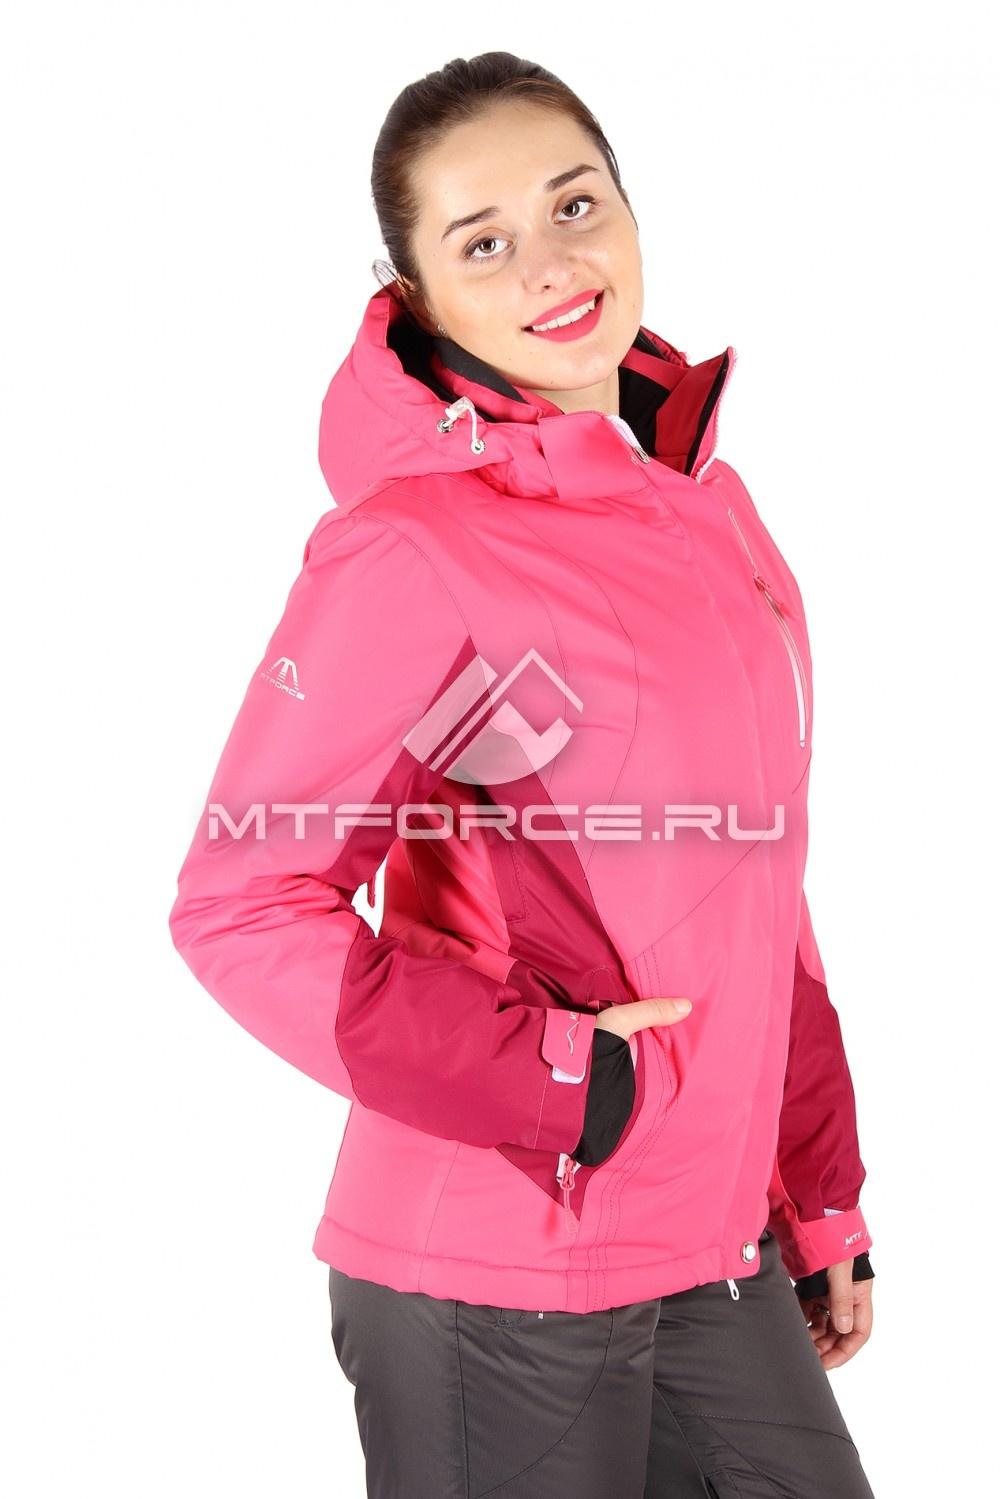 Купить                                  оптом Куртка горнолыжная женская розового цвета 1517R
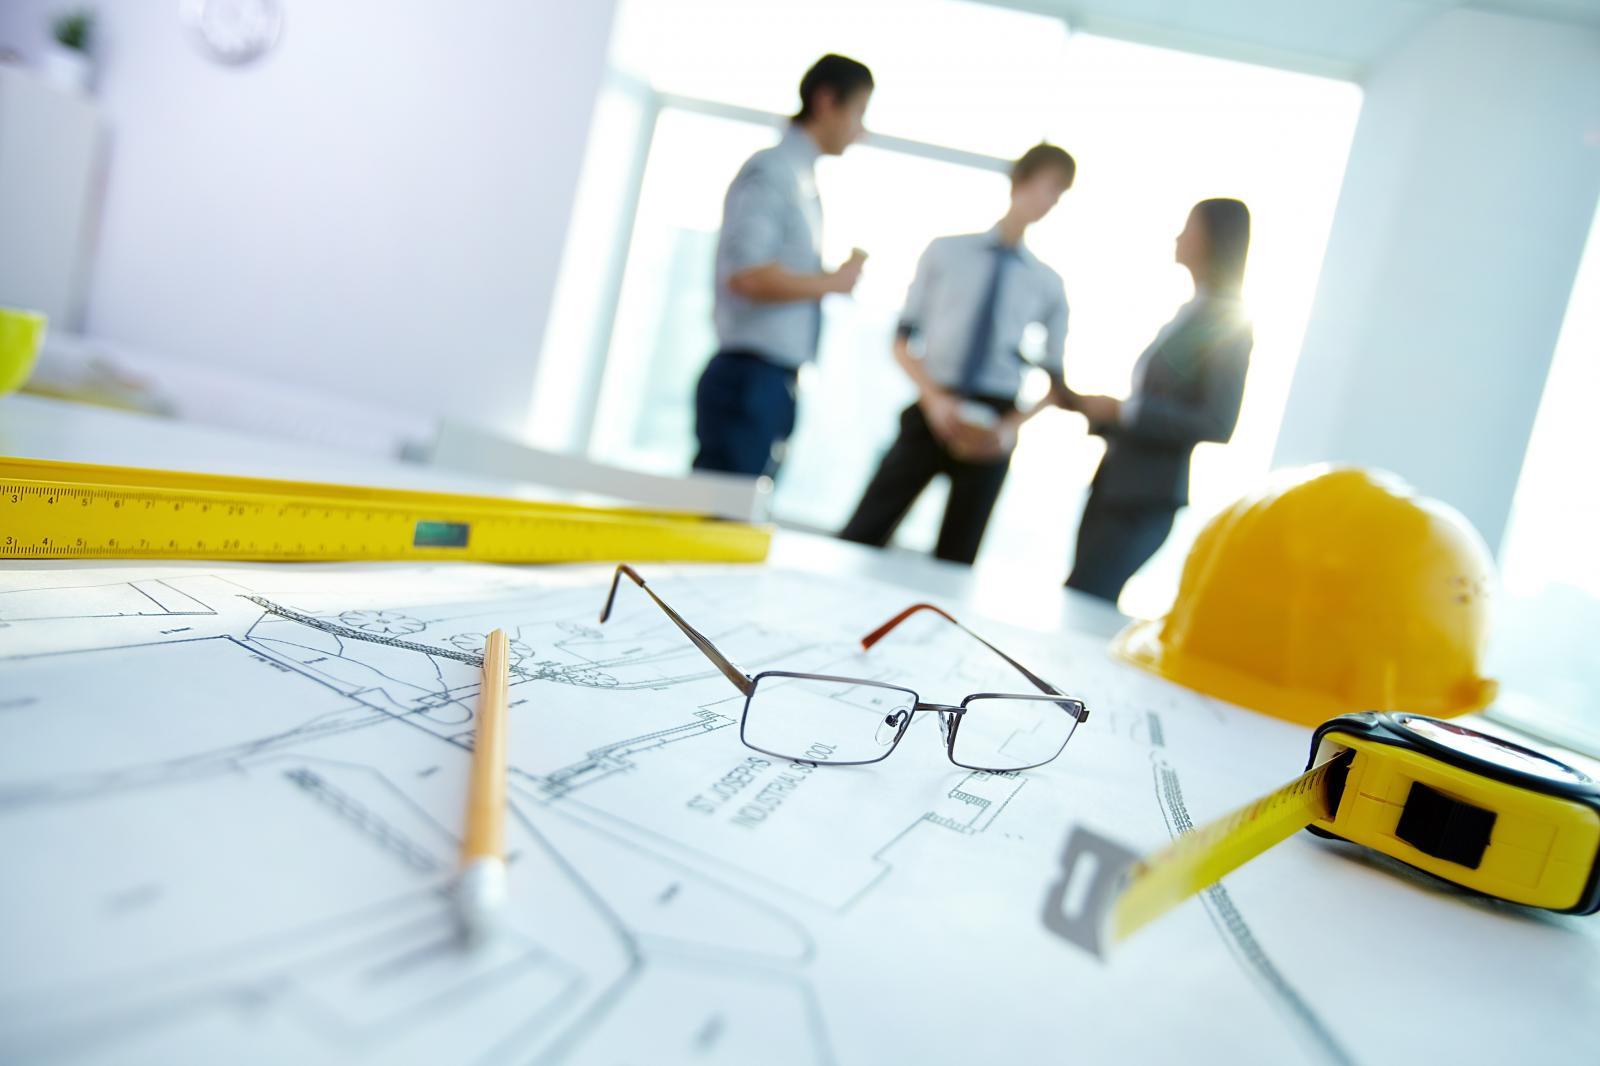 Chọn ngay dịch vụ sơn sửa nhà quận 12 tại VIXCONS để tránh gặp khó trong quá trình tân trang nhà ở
---
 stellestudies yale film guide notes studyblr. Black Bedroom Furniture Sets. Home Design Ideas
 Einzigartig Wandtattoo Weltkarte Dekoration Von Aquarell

*What the task requires:* Above are the records; copy exactly the lines from the one with "розового цвета 1517R" through the one with "Chọn ngay dịch", including both, and nothing more. Leave out pictures.

*Task result:*
 Купить                                  оптом Куртка горнолыжная женская розового цвета 1517R
 Chọn ngay dịch vụ sơn sửa nhà quận 12 tại VIXCONS để tránh gặp khó trong quá trình tân trang nhà ở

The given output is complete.